We consulted the academic literature on the effects of recessions, large disease outbreaks, and major disasters on fertility and migration. Broadly, this suggests that in western countries both fertility and internal migration tend to be pro-cyclical, i.e. fertility reduces with economic recession (e.g. Matysiak et al. 2020; Sobotka et al. 2011) as does internal migration (e.g. van der Gaag & van Wissen, 2008; Alvarez-Contras et al. 2021). Our fertility assumptions were also influenced by recent data published by the ABS (2020c) and McDonald’s (2020) projections on the future of fertility in Australia. Recent evidence from the 2008 global financial crisis shows worldwide international migration was impacted, with the greatest reductions in labour migration, and lesser impacts on humanitarian, family and other movements (Betts & Willekens, 2009). However, the impacts on NOM attributable to COVID-19 are likely to be much stronger and affect numerous visa classes due to the closure of national borders, and the timing of reopening of different sections of the economy (e.g. international students returning to tertiary education institutions).
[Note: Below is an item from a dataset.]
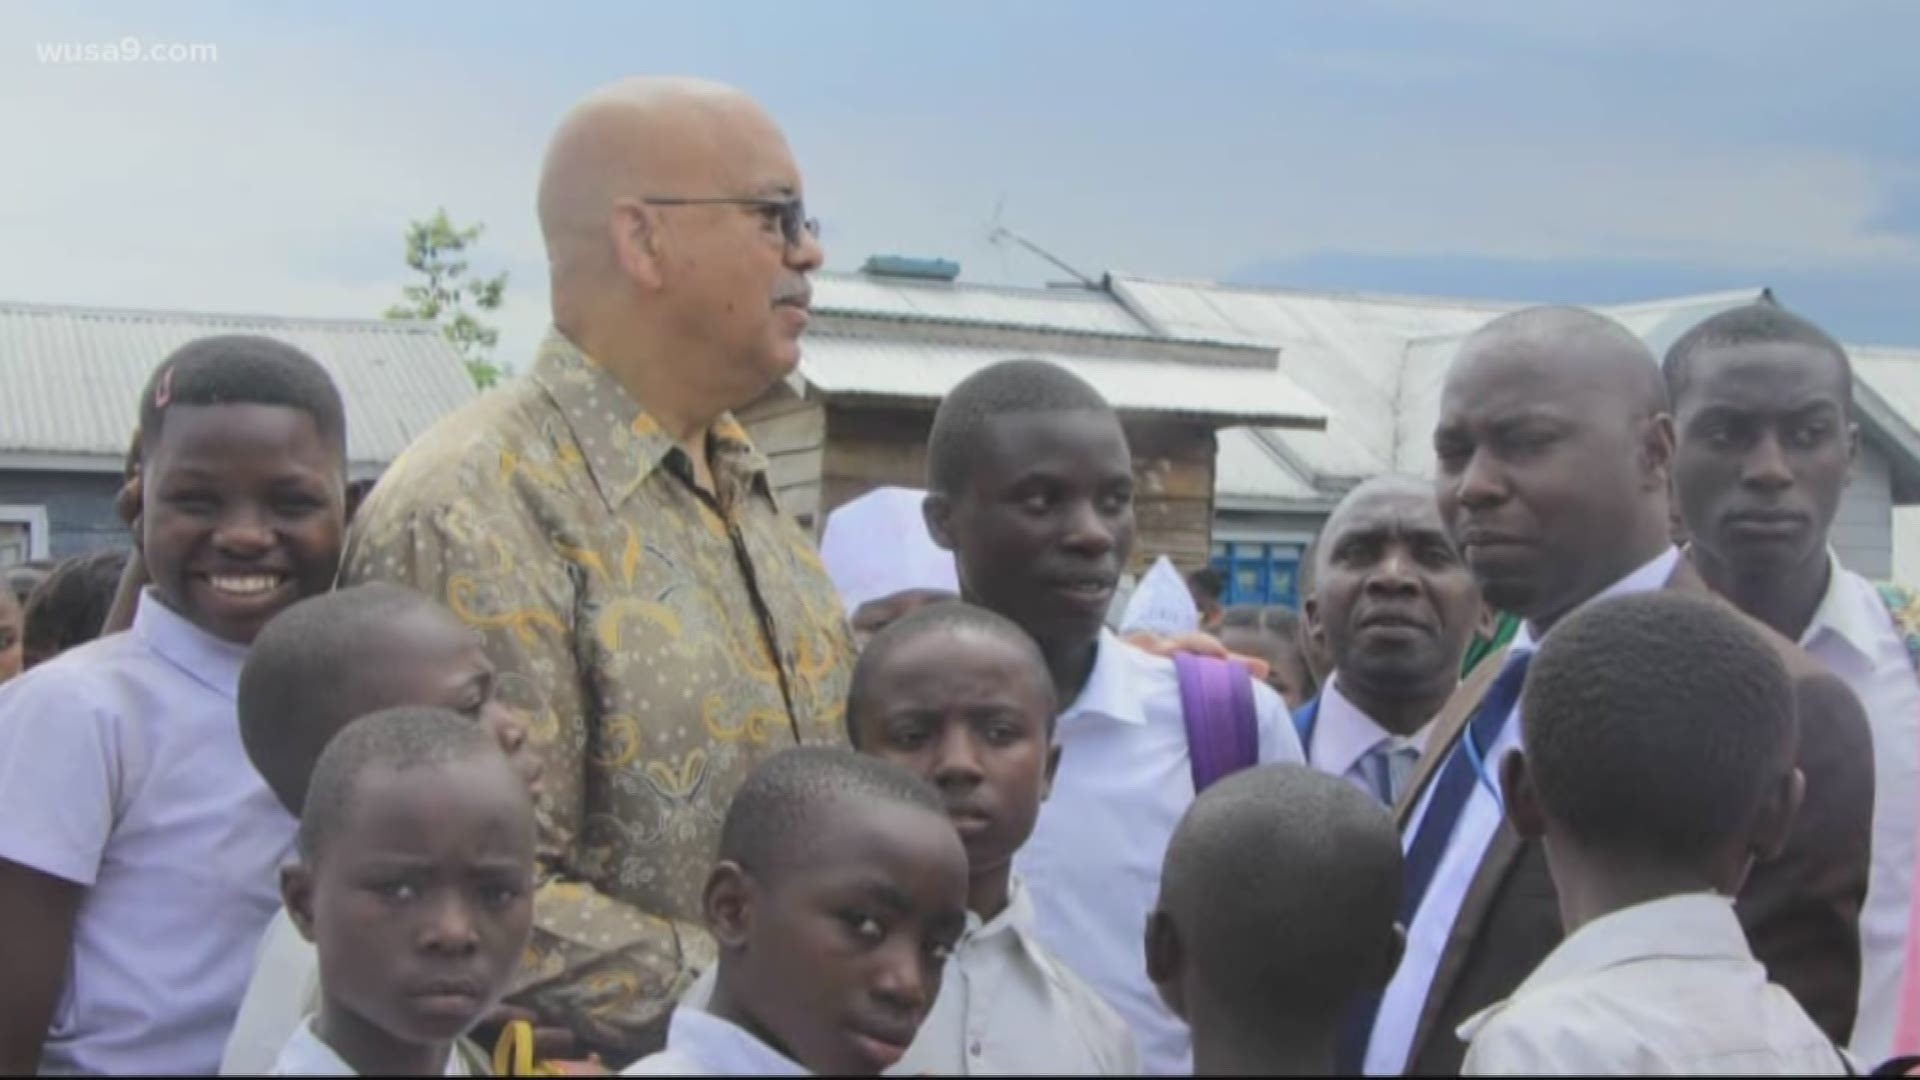 Pastor Weaver is seeking support to help fund the education of hundreds of children at a school named after him in the city of Goma.

Finally, we canvassed the views of a select number of Australian migration and fertility experts through both an online survey and personal communications, receiving advice about possible trends in fertility and migration over the next few years (Charles-Edwards et al. 2020).
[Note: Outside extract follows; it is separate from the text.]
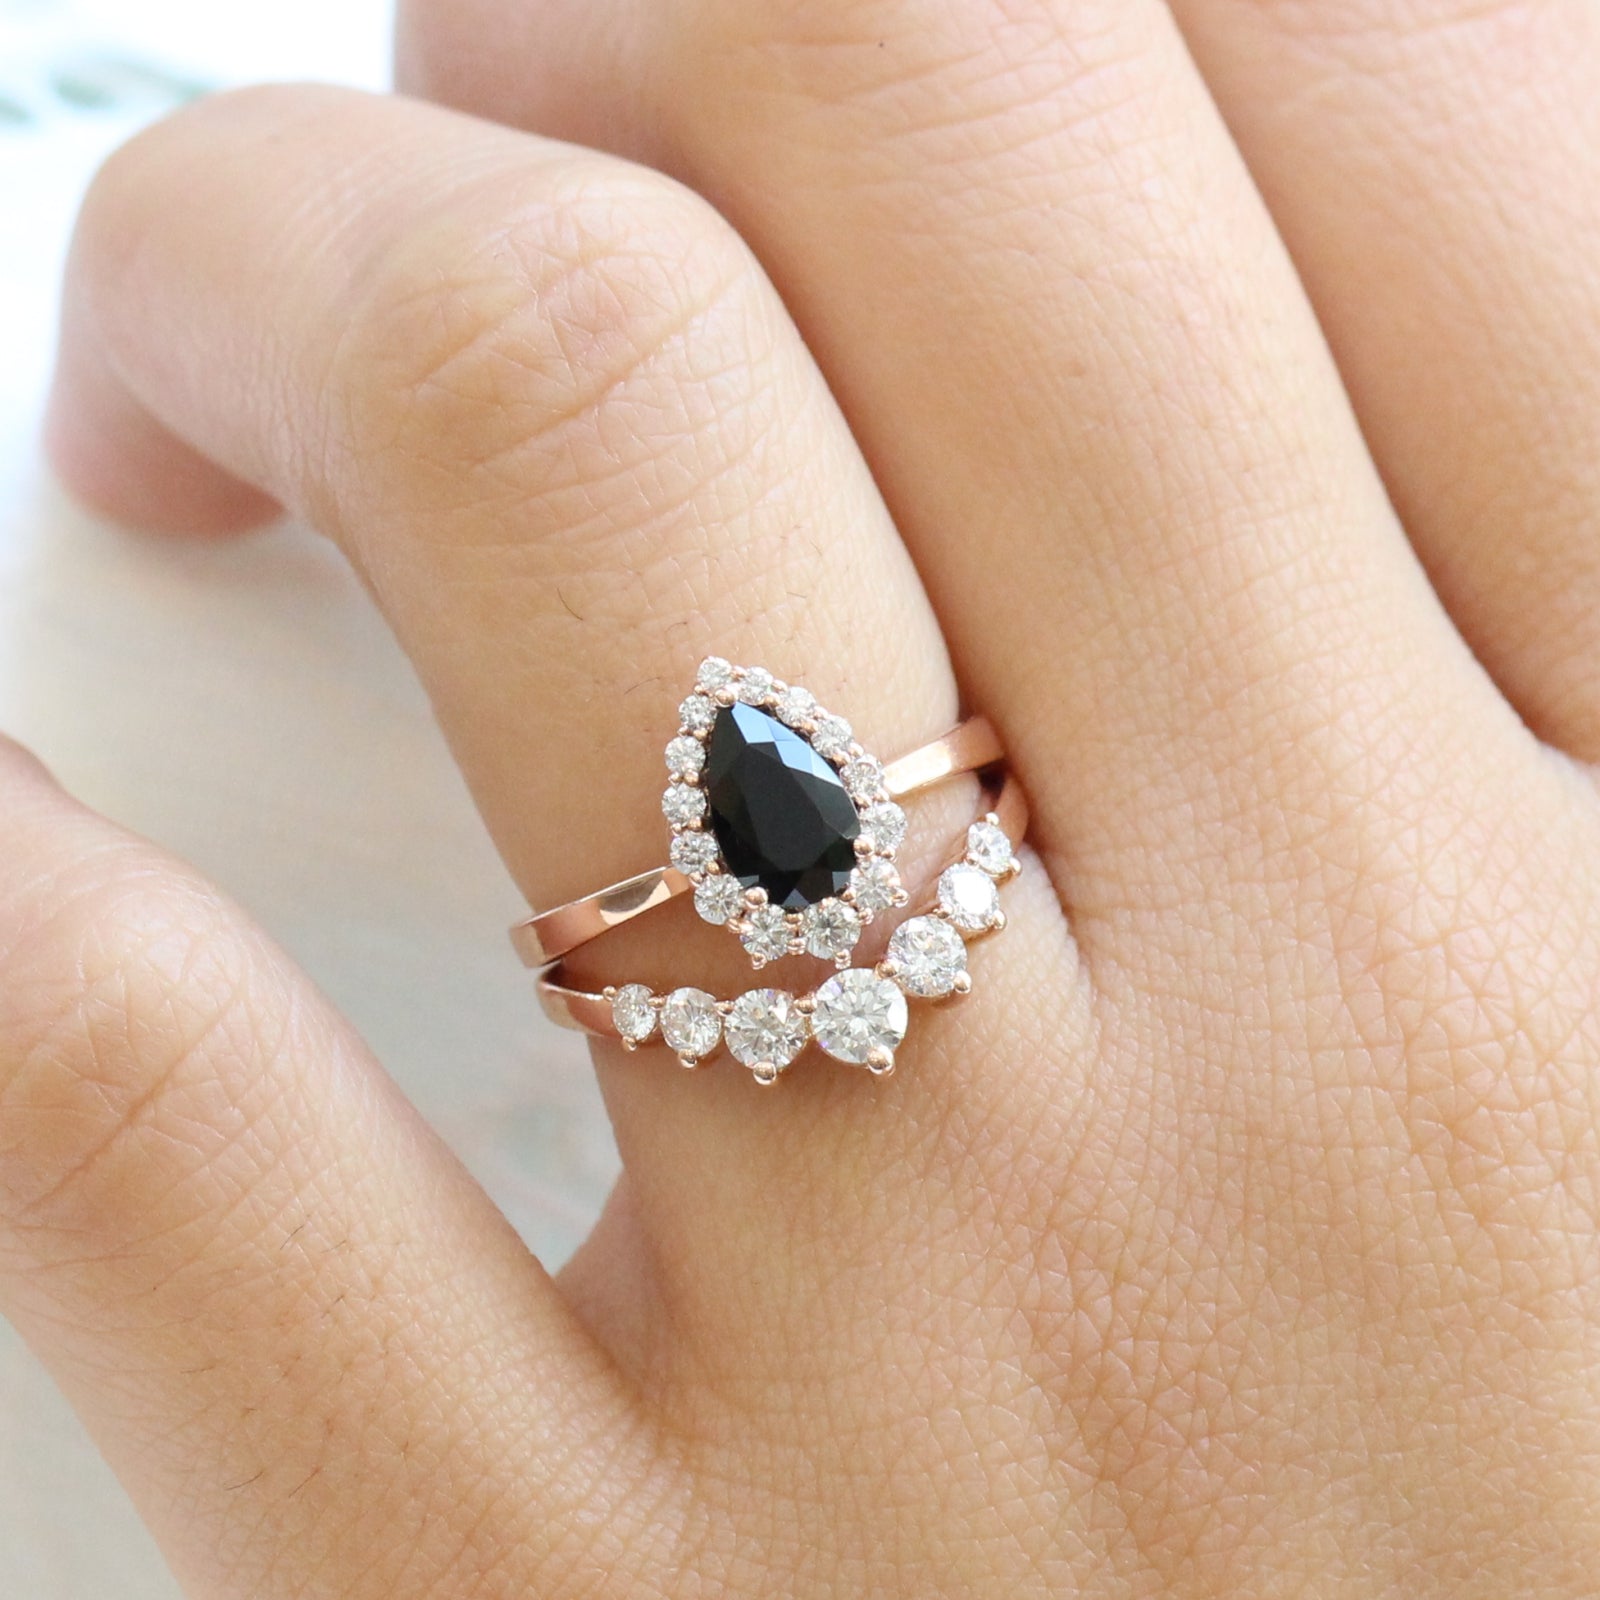 Black spinel diamond pear engagement ring rose gold and curved large diamond wedding band by la more design jewelry

Quite different NOM trajectories were assumed for the three scenarios in the short-run, though a long-term value of 210,000 per annum was chosen for the long-run in all three scenarios. This assumes that the relatively high NOM gains of the last decade or so will eventually return. For fertility, we selected a long-run TFR of 1.70, with different paths for fertility over the next few years. The TFR and NOM assumptions for the scenarios are illustrated in Fig. 1. Our mortality assumptions were based on an extrapolation of long-run mortality rate trends using Ediev’s approach (2008). We therefore assumed no major impact from the pandemic on mortality given that the number of COVID-related deaths in Australia to date appears limited (ABS 2020d). These assumptions result in life expectancy for females increasing to 88.8 years by 2040–41, while for males it increases to 86.3 years.

Fig. 1
figure1

Source: ABS; authors’ projections

TFR and annual NOM assumptions of each scenario.

In the Shorter scenario the impact of COVID-19 is short-lived and both the economy and demography recover rapidly. The TFR drops a little to 1.65, but then bounces back with recuperation of births postponed during the pandemic occurring between 2025 and 2031, with the long-run TFR of 1.70 assumed to apply from 2031 to 32 onwards. In this scenario NOM falls to zero in the 2020–21 financial year but bounces back quickly to 210,000 by 2022–23 due to government actions to attract international students and workers back to grow the economy.

In the Moderate scenario the economic and demographic impacts of COVID-19 last a few years. The TFR drops to 1.55 before recovering over the next few years and then experiencing some recuperation. NOM falls to − 50,000 in 2020–21, rises to 25,000 in 2021–22, and then continues to recover steadily over the next few years, reaching 200,000 by 2024–25 and then stabilising at 210,000 per annum from 2025 to 26. International students return gradually and the Australian border is opened progressively to more countries, and more migrants, over time.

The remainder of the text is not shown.